You may recall the results of a study stating that lavender and tea tree oils caused the development of breast tissue (prepubertal gynecomastia) in three young boys (aged four, seven and ten). This singular study was first published in the New England Journal of Medicine in 2007.1 All three boys had used skin care products containing lavender and tea tree oils, and were all diagnosed by the same doctor.
If you take a close look at the study, some issues are raised. The solvent used to dilute the oils was dimethyl sulfoxide, which is an estrogen mimicker.2 The full list of ingredients in these products were not mentioned, nor the possible chemicals included in the packaging of the products. Parabens were likely included in the ingredients and phthalates in the packaging. In a recent study, diethyl phthalate was found in 103 out of 252 products, which included fragrances, hair care products, deodorants, nail polishes, lotions, skin cleansers and baby products.3 Both phthalates and parabens have been shown to have an estrogenicity presence.4&5
A number of researchers and doctors have raised some questions regarding the validity of this study. There were three doctors, who made the following comments:
“The study by Henley et al. (Feb. 1 issue)1 raises many questions. Product names were not provided. Did the authors contact manufacturers to report concerns or ask about constituents? The variability, adulteration, and contamination of herbal products have been widely reported,2,3 as have discrepancies between labels and contents.4 Plastic containers may contain phthalates, known endocrine disrupters.5 What was actually in the products cited in this report?

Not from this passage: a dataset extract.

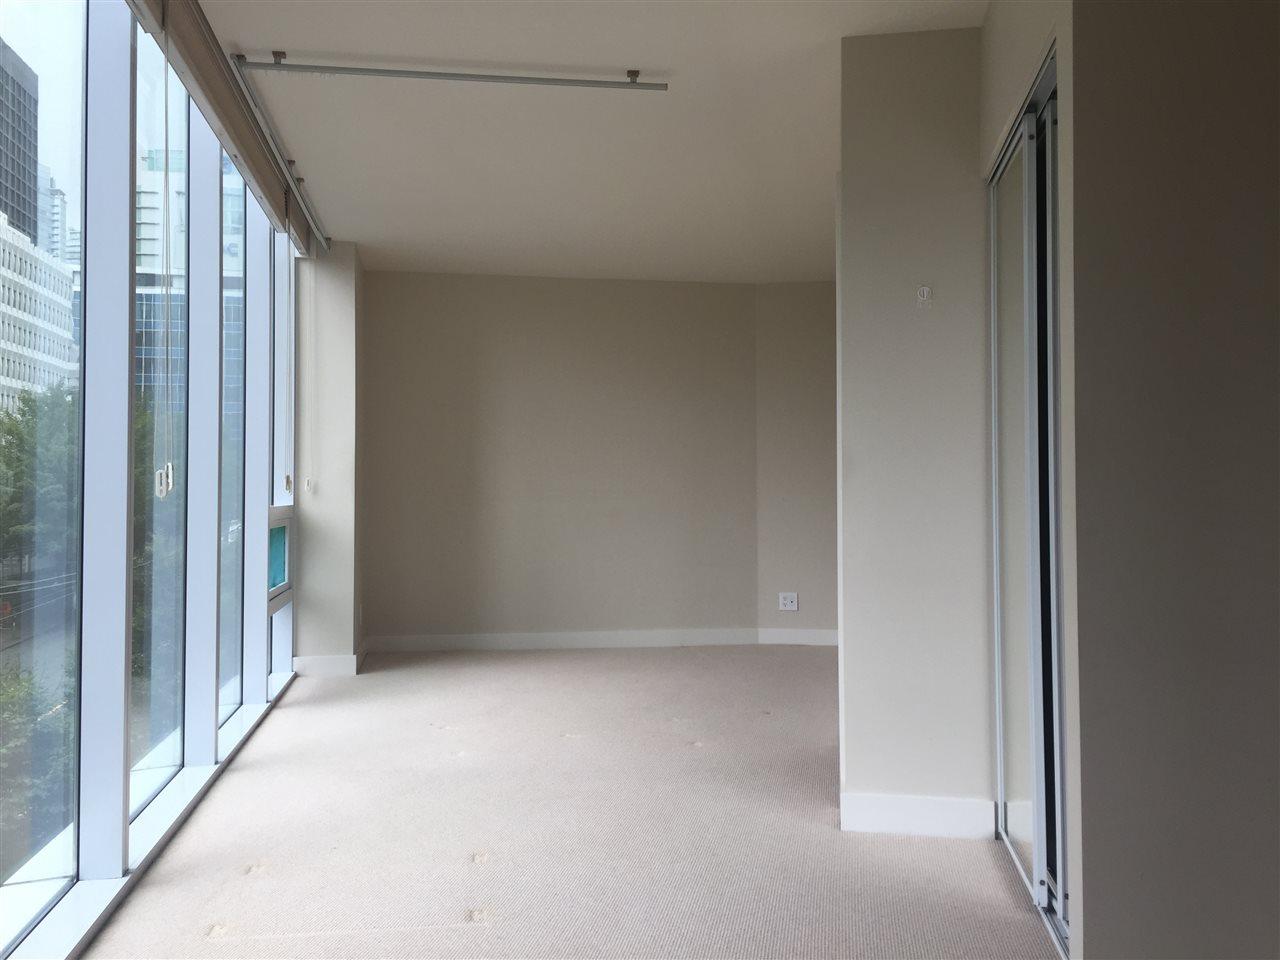 Condo Apartment at 301 1277 MELVILLE STREET, Unit 301, Vancouver West, British Columbia. Image 6

None of the hormonal testing showed abnormal results, except in Patient 2, who had elevated levels of testosterone (not estrogen). There was no report on ultrasound examination or needle biopsy, nor were subsequent weight changes reported. Might the patients’ gynecomastia have reflected another pathophysiological process that resolved spontaneously?
Traditional use and clinical trials have not suggested estrogenic effects of tea tree or lavender oil, though estrogenic effects have been reported for other essential oils and plants. Are occupational exposures to lavender and tea tree associated with estrogenic symptoms? In vitro testing alone is not adequate grounds for indicting traditionally used products and may raise public fear.”

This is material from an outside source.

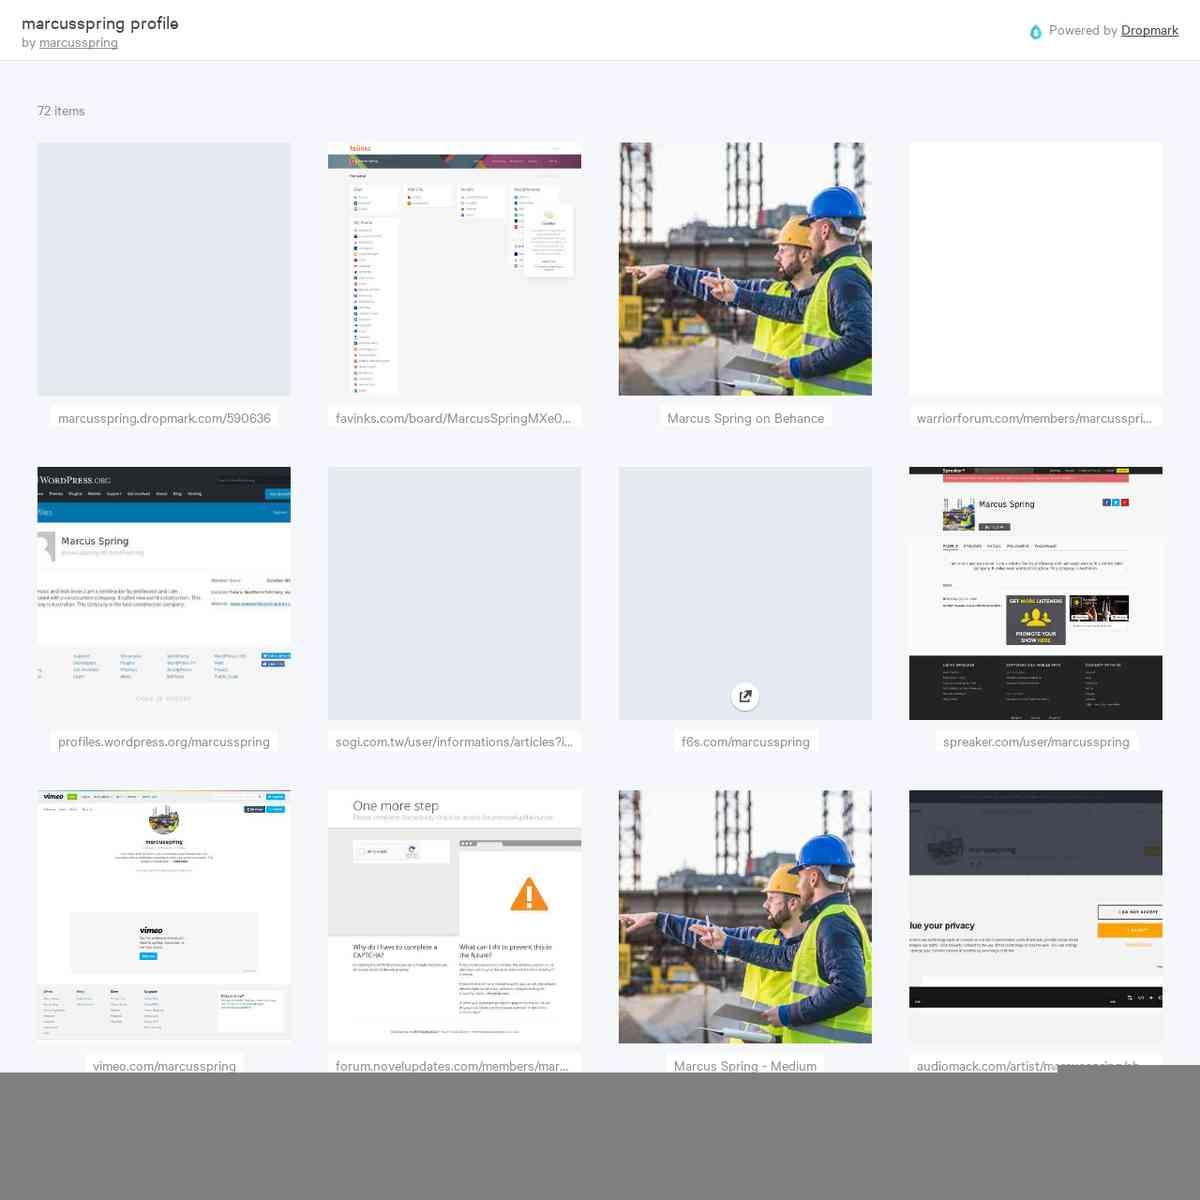 marcusspring.dropmark.com/590636

Kathi J. Kemper, M.D., M.P.H.
Wake Forest University School of Medicine, Winston-Salem, NC 27157
Aviva J. Romm
Yale University School of Medicine, New Haven, CT 06510
Paula Gardiner, M.D., M.P.H.
Harvard Medical School, Boston, MA 02215
1. Henley DV, Lipson N, Korach KS, Bloch CA. Prepubertal gynecomastia linked to lavender and tea tree oils. N Engl J Med 2007;356:479-485
2. Homer LE, Leach DN, Lea D, Slade Lee L, Henry RJ, Baverstock PR. Natural variation in the essential oil content of Melaleuca alternifolia Cheel (Myrtaceae). Biochem Syst Ecol 2000;28:367-382
3. Keane FM, Munn SE, du Vivier AW, Taylor NF, Higgins EM. Analysis of Chinese herbal creams prescribed for dermatological conditions. BMJ 1999;318:563-564
4. Garrard J, Harms S, Eberly LE, Matiak A. Variations in product choices of frequently purchased herbs: caveat emptor. Arch Intern Med 2003;163:2290-229
5. Schettler T. Human exposure to phthalates via consumer products. Int J Androl 2006;29:134-139
A Canadian doctor also had made some comments regarding the study:
“Henley et al. do a commendable job of sleuthing out the likely cause of prepubertal gynecomastia in the young boys exposed to either lavender or tea tree oil. However, given that estrogenic compounds have yet to be detected in either oil, it is important that we carefully interpret these important findings. A growing number of endocrine disrupters in our environment have been shown to accumulate in adipose tissue.1,2 A number of such industrial by-products have also been implicated in early thelarche.3 Since these molecules with hormone-modulating activity are fat soluble, topically applied oils may serve as very efficient delivery agents for environmental endocrine disrupters by concentrating them and delivering them into cells. Although Henley et al. attempt to show that these oils have estrogenic activity, the results of their reported assays indicate a very weak effect. It would be bewildering if such relatively low hormonal activity alone could instigate prepubertal gynecomastia.”
Shirin Kalyan, Ph.D.
University of British Columbia, Vancouver, BC V5Z 1M9, Canada
1. Paris F, Jeandel C, Servant N, Sultan C. Increased serum estrogenic bioactivity in three male newborns with ambiguous genitalia: a potential consequence of prenatal exposure to environmental endocrine disruptors. Environ Res 2006;100:39-43
2. Brevini TA, Zanetto SB, Cillo F. Effects of endocrine disruptors on developmental and reproductive functions. Curr Drug Targets Immune Endocr Metabol Disord 2005;5:1-10
3. Colon I, Caro D, Bourdony CJ, Rosario O. Identification of phthalate esters in the serum of young Puerto Rican girls with premature breast development. Environ Health Perspect 2000;108:895-900
A later study, completed in Denmark, showed that none of the bioavailable tea tree oil constituents demonstrated estrogenicity.6 Bioavailability is the rate, or degree, at which a drug or other substance is absorbed.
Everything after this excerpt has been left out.